To determine the magnitude of the normal force acting on the skier, we need to consider the forces acting on the skier along the inclined surface.
(a) Free-body diagram:
In the free-body diagram, draw a dot to represent the skier. Draw a downward arrow representing the weight of the skier acting vertically downwards. Draw a perpendicular arrow representing the normal force acting perpendicular to the inclined surface. Finally, draw an arrow pointing up the inclined surface representing the component of the weight acting parallel to the surface, which we can call the gravitational force parallel to the incline.

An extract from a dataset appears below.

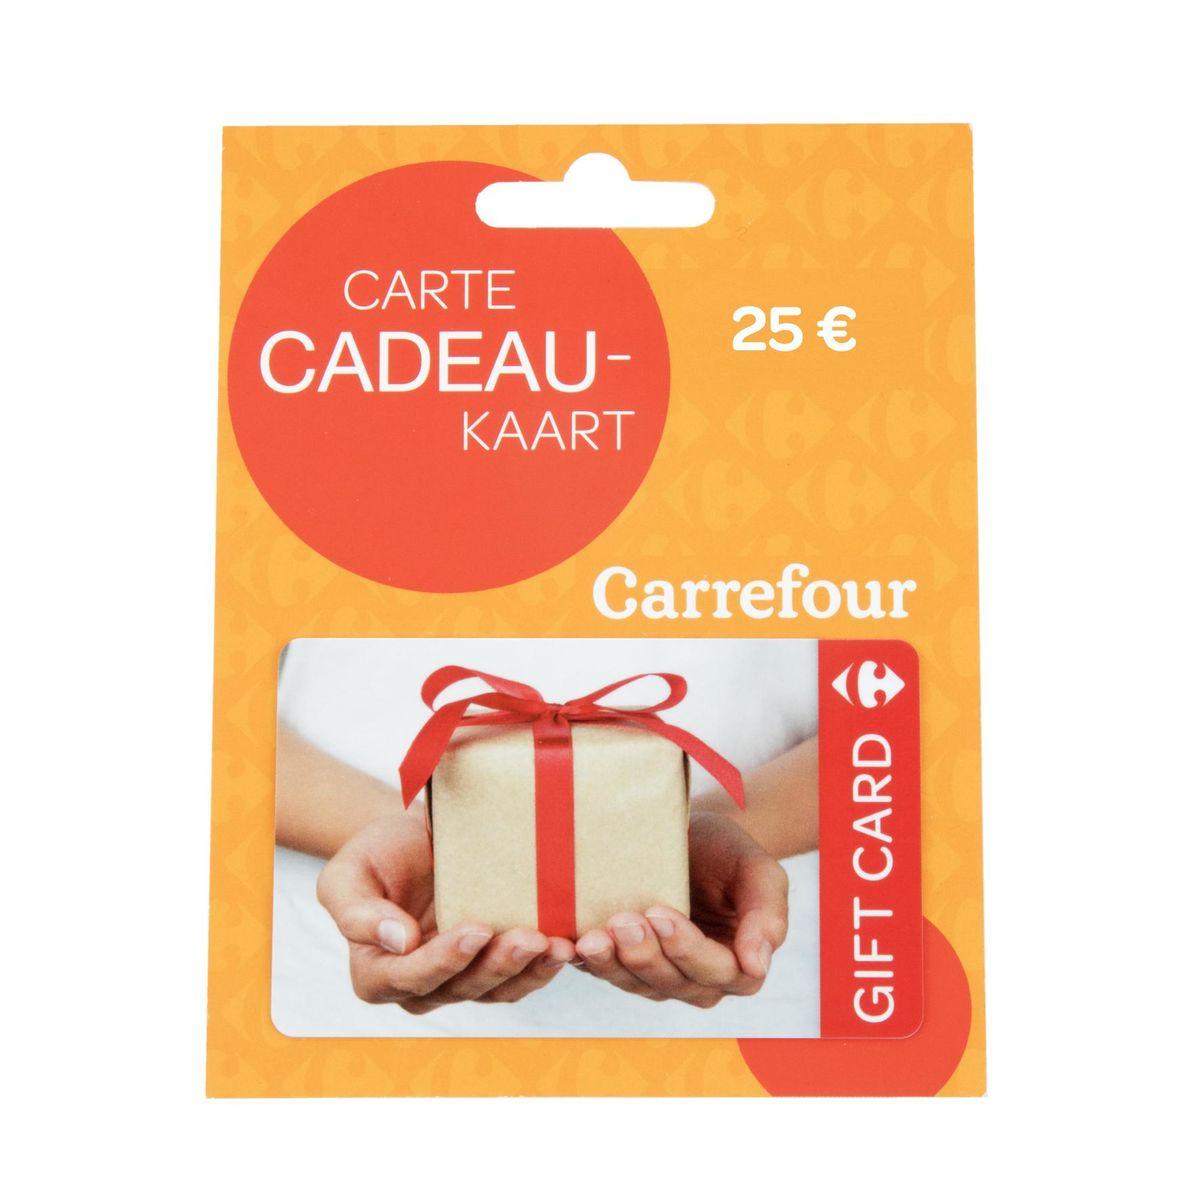 Cadeaukaart Carrefour 25 €

(b) Determining the normal force:
The normal force is the force exerted by a surface perpendicular to the object. In this case, it is the force exerted by the inclined surface on the skier. Since the skier is on a smooth surface, there is no friction force. Therefore, the normal force will be equal in magnitude but opposite in direction to the gravitational force perpendicular to the incline.
The weight of the skier, acting vertically downward, can be determined using the formula: weight = mass x gravitational acceleration.
Since the skier has a mass of 65 kg, and the gravitational acceleration is approximately 9.8 m/s^2, we can calculate the weight as follows:
Weight = 65 kg x 9.8 m/s^2 = 637 N
Since the surface is inclined at an angle of 20° with the horizontal, we can determine the gravitational force perpendicular to the incline using the formula: gravitational force perpendicular to incline = weight x cos(θ), where θ is the angle of the incline.
Gravitational force perpendicular to incline = 637 N x cos(20°) = 600.27 N
Therefore, the magnitude of the normal force acting on the skier is approximately 600.27 N.